I open my eyes. The spiders are back. So is their web. They carry on as though they never left. Maybe they never did.
The first spider asks, “Have you ever seen a fly in a spider’s web, and wondered why it chose to go left into the web, instead of right to continue life?”
The second spider asks, “Was that just bad luck on the fly’s part, and good luck on the spider’s?”
The third spider asks, “Or did the fly receive advice?”
“How would I know?” I think.
The first spider smiles. “Why would someone cross a street at the corner instead of in the middle?”
“Because it’s safer,” I say.
“And why did Abraham Lincoln’s bodyguard at the theater choose that particular time to step away for a drink? Bad luck?” The second spider asks.
“No, bad advice from an angel,” I say.
The spiders laugh. The third says, “Or perhaps good advice. The right advice. Like the advice you gave the woman crossing the street. Like the advice you gave J.C.”
“What are you telling me?”
“Do you remember that German general you advised?” asks the first spider.
“I was thinking of him this morning.”
“Do you know what ever happened to him?” asks the second.
“I didn’t pay attention,” I answer.
“He was blown up a few weeks after you were with him. His new driver accidentally drove into a minefield,” says the third. The first spider asks, “Do you remember the last advice you gave him?”
I respond, “If I recall, he was thinking about bringing on a new assistant. I suggested he do it.”
The second spider says, “Yes, very good.”
The third spider asks: “And what was this new assistant’s primary duty?”
“I think he was supposed to be a driv—. Wait! I don’t understand!”
The first spider says, “It may help if we ask about some of your other assignments.”
The second spider asks, “Do you mind?”
I hesitate.
The third spider says, “It will help answer the question that caused you to come to us.”
I nod.
“Do you remember a young woman from South Dakota you advised during the 1918 flu epidemic?” asks the first spider.
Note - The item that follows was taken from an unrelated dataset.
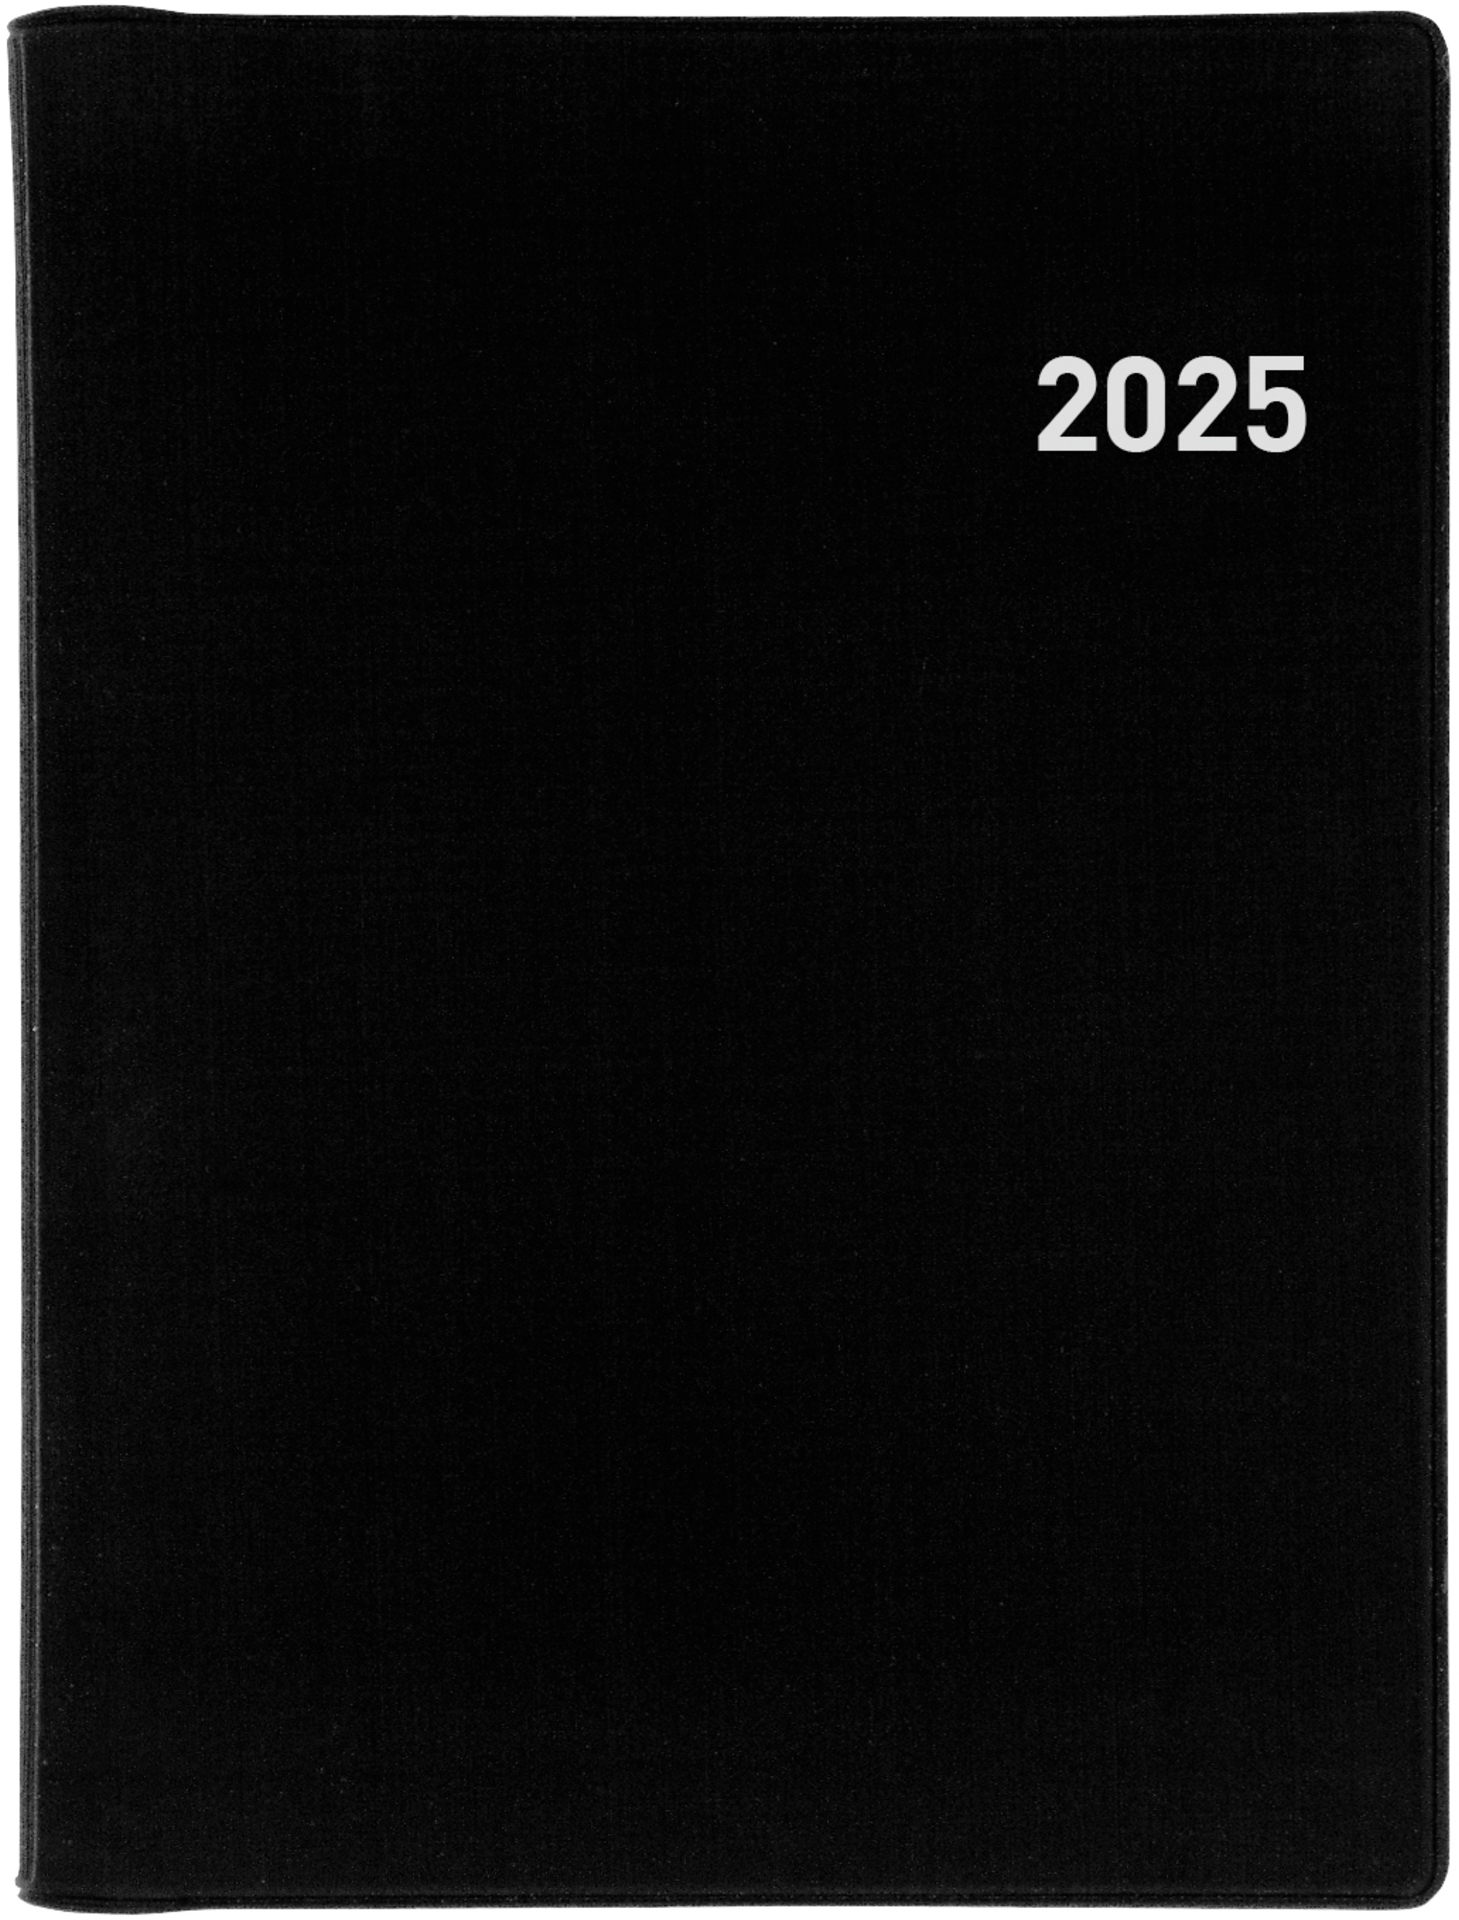 BIELLA Agenda Rex Wire-O 2025 825773020025 1S/2P noir ML 10.1x14.2cm

“I do! I remember her well because she was quite the heroine. She was nineteen or twenty years old. One of the nearest neighbors to her family’s farm got sick, then that whole family came down with it. No one could take care of them, so she volunteered.”
“Do you remember the advice you gave her?” asks the second spider.
“Very much so. I was there when she made that decision to help the neighbors. There wasn’t any question she was going to do it, but she still got scared, as anyone would in the face of death. I helped her to be strong in her decision. One of my proudest moments, I think. Remarkable young woman. I often wondered what ever happened to her. She had great things ahead of her.”
“She caught the flu and died,” says the third spider.
“I don’t. . . .”
“Or there was a nice teen-aged boy who gave his mother a birthday gift,” says the first spider.
“A hand-made coupon book with tabs she could tear off to redeem for chores,” says the second.
I say, “I vaguely remember. I think I suggested he add a coupon for cleaning out the eaves at their house.”
The third spider adds, “Yes, you did, and his mother cashed in that coupon a couple of months later. The boy fell off the ladder and died.”
“God damn it.”
I wait for the response that never comes.
The first spider says, “There was another nice young boy you advised. He had very low self-esteem.”
“You convinced him to go out for football, told him that no one would laugh at him,” says the second.
I exclaim, “Don’t tell me people laughed at him and he killed himself.”
The third spider responds, “No, he died of complications from heatstroke on the third day of practice.”
The first spider says, “Or there was a man with faulty wiring in his house.”
“Oh, no!” I respond.
The second spider says, “You convinced him to fix it himself.”
I shake my head. “I think I see where this is going. He burned himself up, right?”
The third spider answers, “No. He was outside working on it, and his neighbor’s dog got loose and bit him in the face. He died of a heart attack on the way to the hospital.”
“And there was a woman you convinced to fly to visit her mother. The plane crashed,” says the first spider.
The second spider adds, “The man you convinced to do his dishes that night instead of the next morning, who dropped a glass full of water, then slipped and fell and cracked open his head on the kitchen floor.”
The third spider also adds, “The woman you convinced to take walks for her health, who was then struck and killed by a runaway car driven by a man you’d suggested was healthy enough to drive who had a stroke behind the wheel. Both died.”
“I am a completely incompetent guardian angel.”